At one month's meeting, group members were discussing their favorite Java development environments. "I prefer JBlipper," said one of the members. "My favorite is Javoorta Pro," said another. Then one fellow (Faizan was his name) turned to the group and said, "What about Eclipse? It's pretty sweet."
Of course, Faizan's remark touched off an argument. Everyone in the group is attached to his or her favorite Java development tools. "Does Javoorta do refactoring?" "Does JBlipper support Enterprise JavaBeans?" "Does Eclipse run on a Mac?" "How can you say that your development environment is better?" "And what about good old UNIX vi?"
Then someone asked Faizan to demonstrate Eclipse at the next users' group meeting. Faizan agreed, so I ended the discussion by suggesting that we go out for a beer. "I don't drink," said one of the group members. "I don't either," I said. So we went out for pizza.
At the next meeting, Faizan demonstrated the Eclipse development environment. After Faizan'spresentation, peoples' objections to Eclipse were more muted. "Are you sure that Eclipse runs well under Linux?" "Can you really extend Eclipse so easily?" "How does the open source community create such good software for free?"
A few months later, I ran into a group member at a local Linux conference. "Does Javoorta Pro run under Linux?" I asked. "I don't use Javoorta Pro anymore. I've switched to Eclipse," he said. "That's interesting," I said. "Hey, let's go out for a beer."
An Integrated Development Environment
An integrated development environment (IDE) is an all-in-one tool for writing, editing, compiling, and running computer programs. And Eclipse is an excellent integrated development environment. In a sense, that's all ye need to know.
Of course, what you absolutely need to know and what's good for you to know may be two different things. You can learn all kinds of things about Java and Eclipse, and still benefit by learning more.
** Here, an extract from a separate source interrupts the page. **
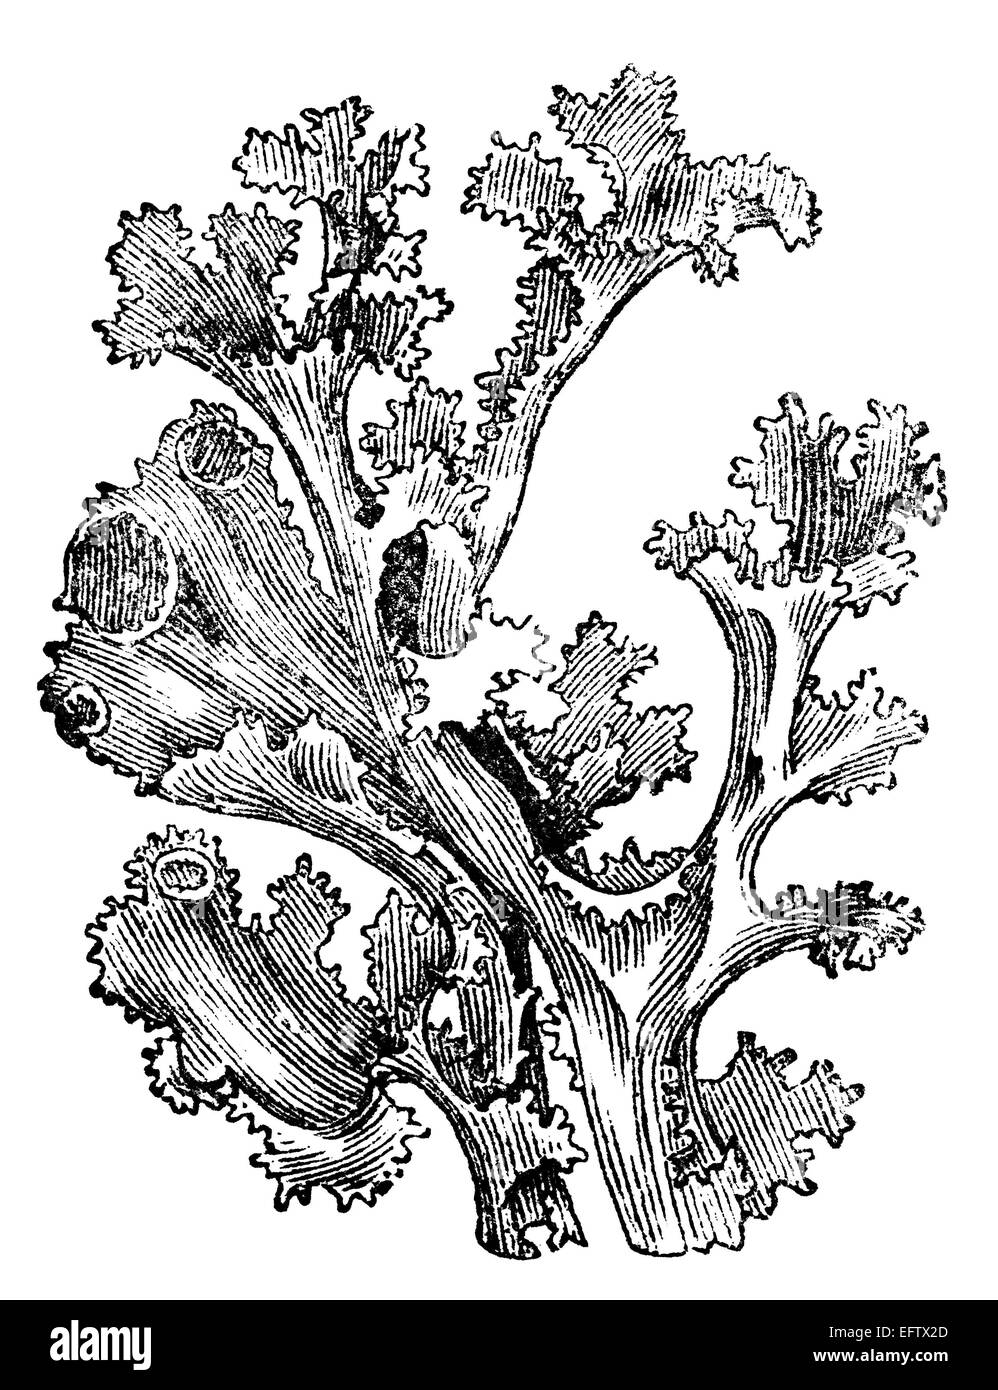 Botanical illustration Mosses  Lizzie Harper

So with that in mind, I've put together this chapter full of facts. I call it my "useful things to know about Eclipse" (my "uttkaE") chapter.
A Little Bit of History (Not Too Much)
In November 2001, IBM released $40 million worth of software tools into the public domain. Starting with this collection of tools, several organizations created a consortium of IDE providers. They called this consortium the Eclipse Foundation, Inc. Eclipse was to be "a universal tool platform - an open extensible IDE for anything and nothing in particular." (I know, it sounds a little like Seinfeld's "nothing." But don't be lead astray. Eclipse and Seinfeld have very little in common.)
This talk about "anything and nothing in particular" reflects Eclipse's ingenious plug-in architecture. At its heart, Eclipse isn't really a Java development environment. Eclipse is just a vessel - a holder for a bunch of add-ons that form a kick-butt Java, C++, or even a COBOL development environment. Each add-on is called a plug-in, and the Eclipse that you normally use is composed of more than 80 useful plug-ins.
While the Eclipse Foundation was shifting into high gear, several other things were happening in the world of integrated development environments. IBM was building WebSphere Studio Application Developer (WSAD) - a big Java development environment based on Eclipse. And Sun Microsystems was promoting NetBeans. Like Eclipse, NetBeans is a set of building blocks for creating Java development environments. But unlike Eclipse, NetBeans is pure Java. So a few years ago, war broke out between Eclipse people and NetBeans people. And the war continues to this day.
In 2004, the Eclipse Foundation turned itself from an industry consortium to an independent not-for-profit organization. Among other things, this meant having an Executive Director - Mike Milinkovich, formerly of Oracle Corporation. Apparently, Milinkovich is the Eclipse Foundation's only paid employee. Everybody else donates his or her time to create Eclipse - the world's most popular Java development environment.
The Grand Scheme of Things in Eclipse
The Eclipse Foundation divides its work into projects and subprojects. The projects you may hear about the most are the Eclipse project, the Eclipse Tools project, and the Eclipse Technology project.
Sure, these project names can be confusing. The "Eclipse project" is only one part of the Eclipse Foundation's work, and the "Eclipse project" is different from the "Eclipse Tools project." But bear with me. This section gives you some background on all these different projects.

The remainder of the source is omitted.